SIDRAP.FS.COM—Kabupaten Sidenreng Rappang (Sidrap) mengambil langkah konkret dalam memajukan kualitas sumber daya manusia (SDM) untuk pasar kerja internasional.

Pemerintah Kabupaten Sidrap menjalin sinergi strategis dengan Kementerian Pelindungan Pekerja Migran Indonesia (P2MI) guna menggeser profil pekerja migran dari sektor informal ke sektor formal yang lebih profesional.

Kolaborasi ini mengemuka dalam kunjungan kerja Wakil Menteri P2MI, Dzulfikar Ahmad Tawalla, ke Rumah Jabatan Bupati Sidrap, Ahad (12/7/2026).

Dalam pertemuan tersebut, Bupati Sidrap Syaharuddin Alrif menegaskan bahwa daerahnya siap menjadi pilot project dalam penyiapan pekerja migran yang kompeten dan bermartabat.

“Pemerintah Kabupaten Sidrap siap mendukung penuh agar anak-anak Sidrap bisa bekerja di luar negeri dengan aman, terlindungi, dan bermartabat. Tempat pelatihan di Datae sudah kami siapkan, tinggal didorong programnya agar segera berjalan,” ujar Syaharuddin di hadapan Wamen P2MI.

Syaharuddin menekankan bahwa sinergi ini merupakan momentum krusial. Ia berharap melalui kerja sama dengan perguruan tinggi lokal, seperti ITKES Muhammadiyah Sidrap, putra-putri daerah yang memiliki kompetensi dapat diberangkatkan secara prosedural.

Menanggapi inisiatif tersebut, Wakil Menteri P2MI, Dzulfikar Ahmad Tawalla, menyatakan bahwa Sidrap memiliki potensi besar sebagai penyedia tenaga kerja berkualitas.

Menurutnya, sektor pekerja migran merupakan fondasi ekonomi bangsa yang menyumbang remitansi hingga Rp290 triliun pada tahun lalu.

“Harapan Bapak Presiden, kita harus mengubah profil pekerja migran.
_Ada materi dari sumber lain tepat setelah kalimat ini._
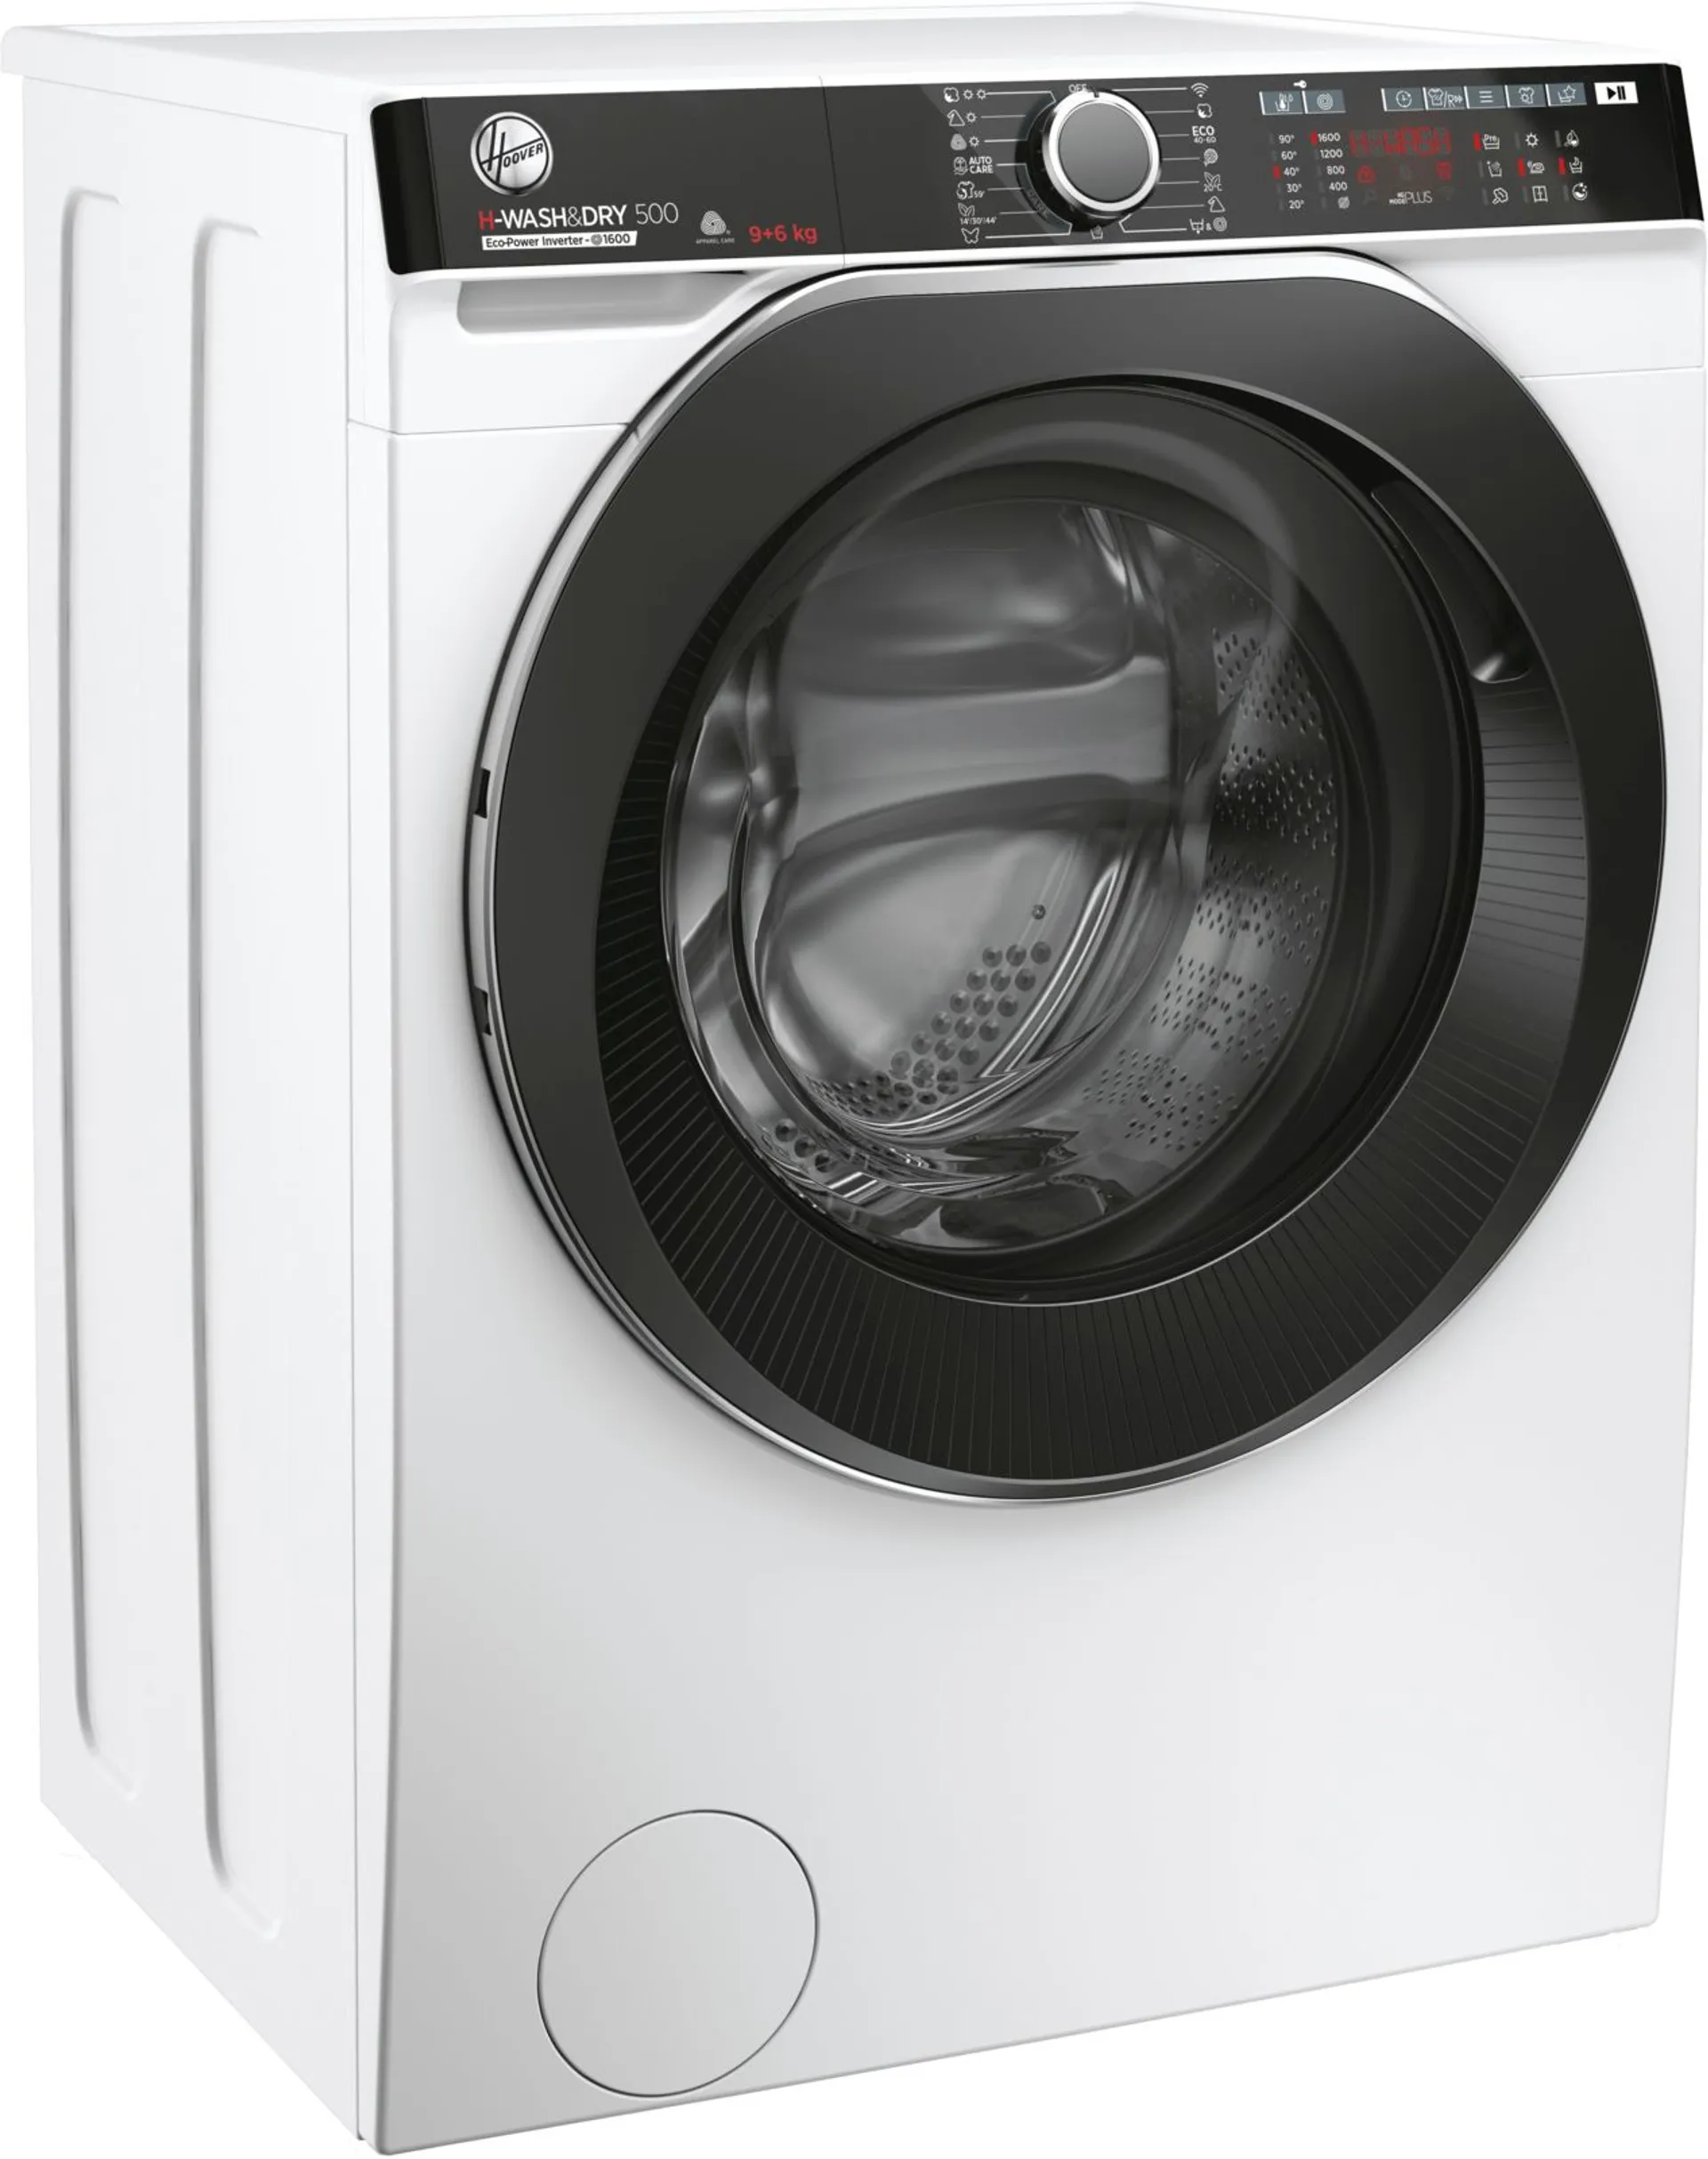 Hoover kuivaava pyykinpesukone 9/6kg H-Wash&Dry 500 Pro valkoinen - 2

Saat ini, sekitar 72 persen masih berada di sektor informal. Target kita dalam lima tahun ke depan, pekerja migran di sektor formal, skilled, dan profesional harus ditingkatkan menjadi minimal 35 persen,” jelas Dzulfikar.

Dzulfikar menambahkan, kunci utama transformasi ini adalah sertifikasi keterampilan dan penguasaan bahasa asing, seperti Jepang, Korea, dan Jerman.
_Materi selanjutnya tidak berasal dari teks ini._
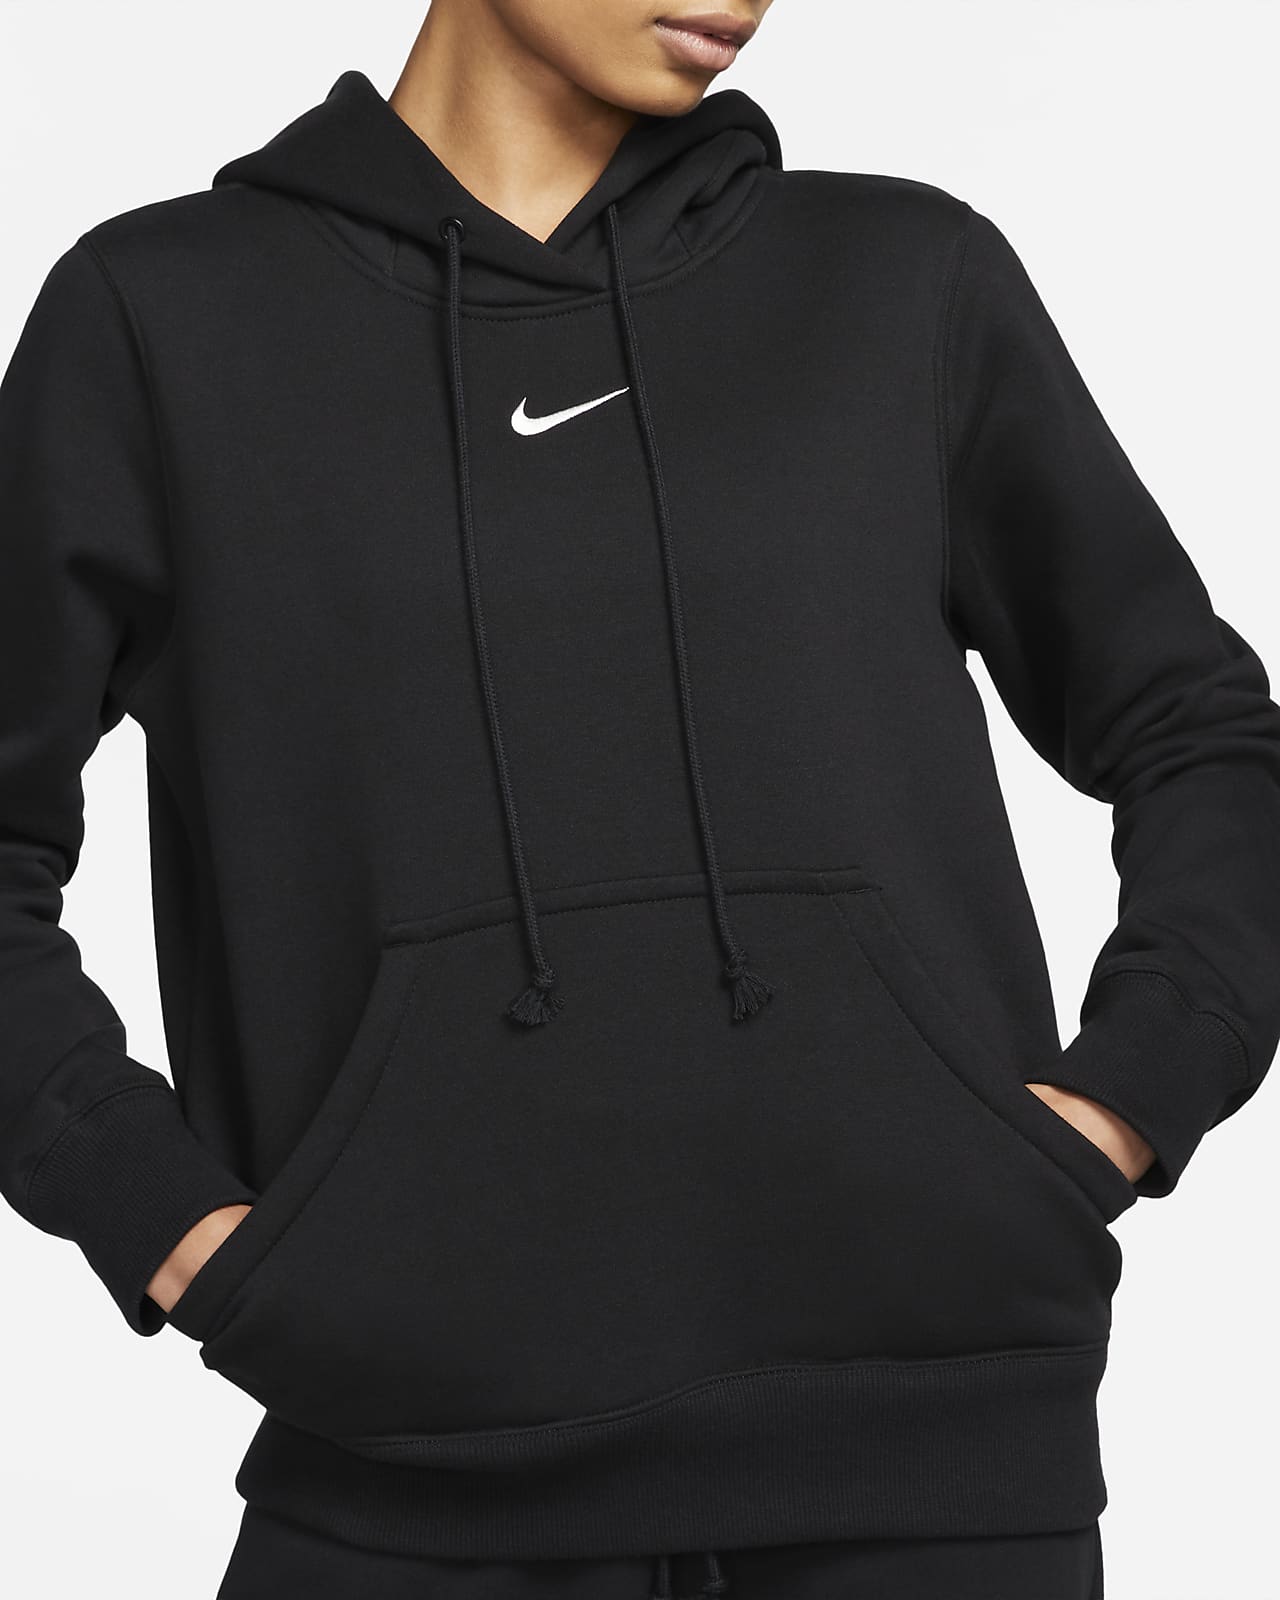 Nike Sportswear Phoenix Fleece Women's Pullover Hoodie. Nike HR

Pemerintah pusat, menurutnya, berkomitmen memberikan pendampingan penuh agar standar tersebut dapat dipenuhi oleh daerah.

Turut hadir dalam pertemuan tersebut Wakil Bupati Nurkanaah, Sekretaris Daerah Andi Rahmat Saleh, sejumlah kepala OPD, para rektor perguruan tinggi di Sidrap, serta para kepala bagian di lingkup Sekretariat Daerah Sidrap.
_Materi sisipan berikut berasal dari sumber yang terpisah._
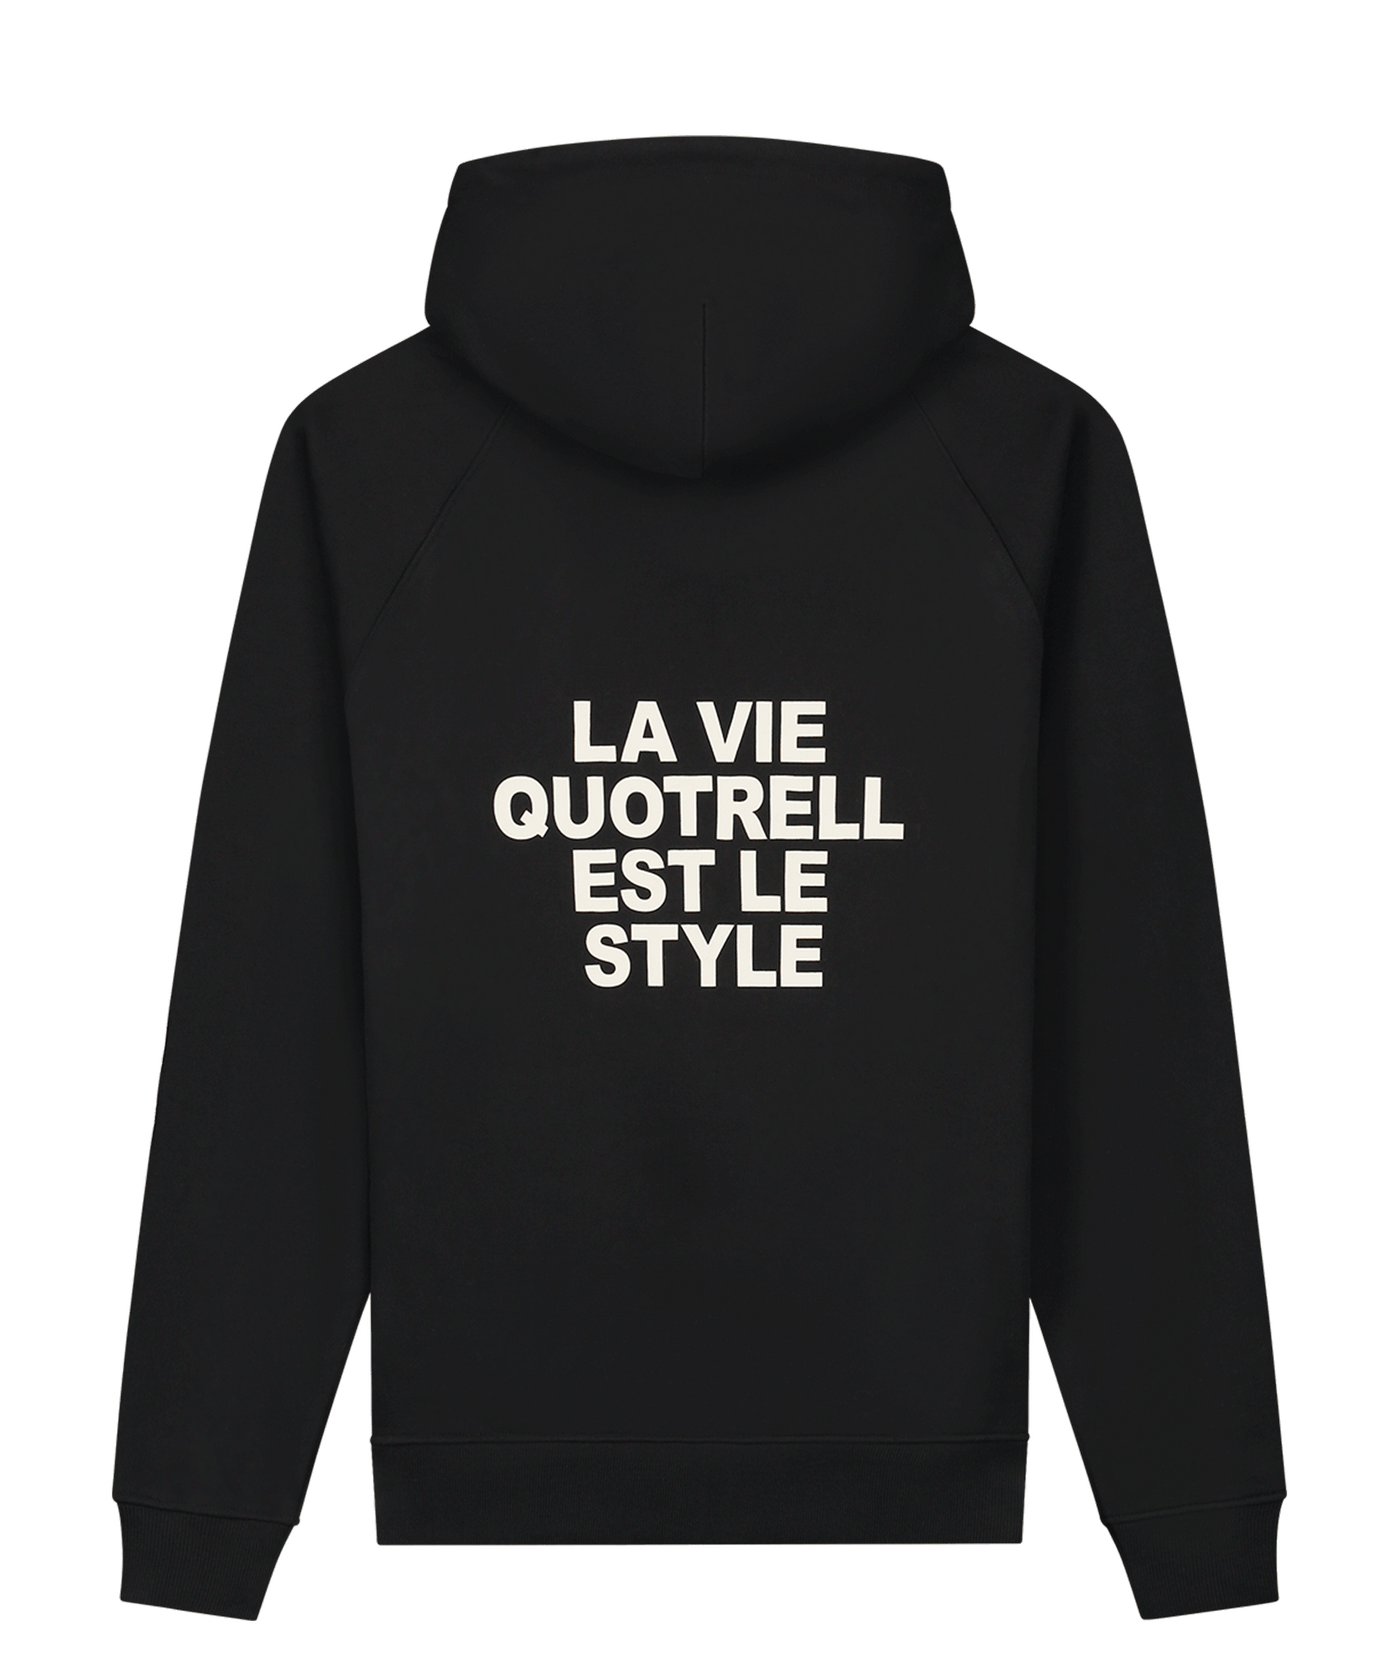 Quotrell - La Vie - Zip Hoodie - Black/beige

Sinergi antara pemerintah pusat, daerah, perguruan tinggi, dan Lembaga Pelatihan Kerja (LPK) di Sidrap ini diharapkan mampu menjadi model sukses dalam mencetak pekerja migran yang tidak hanya berdaya saing global, namun juga memiliki perlindungan hukum yang maksimal.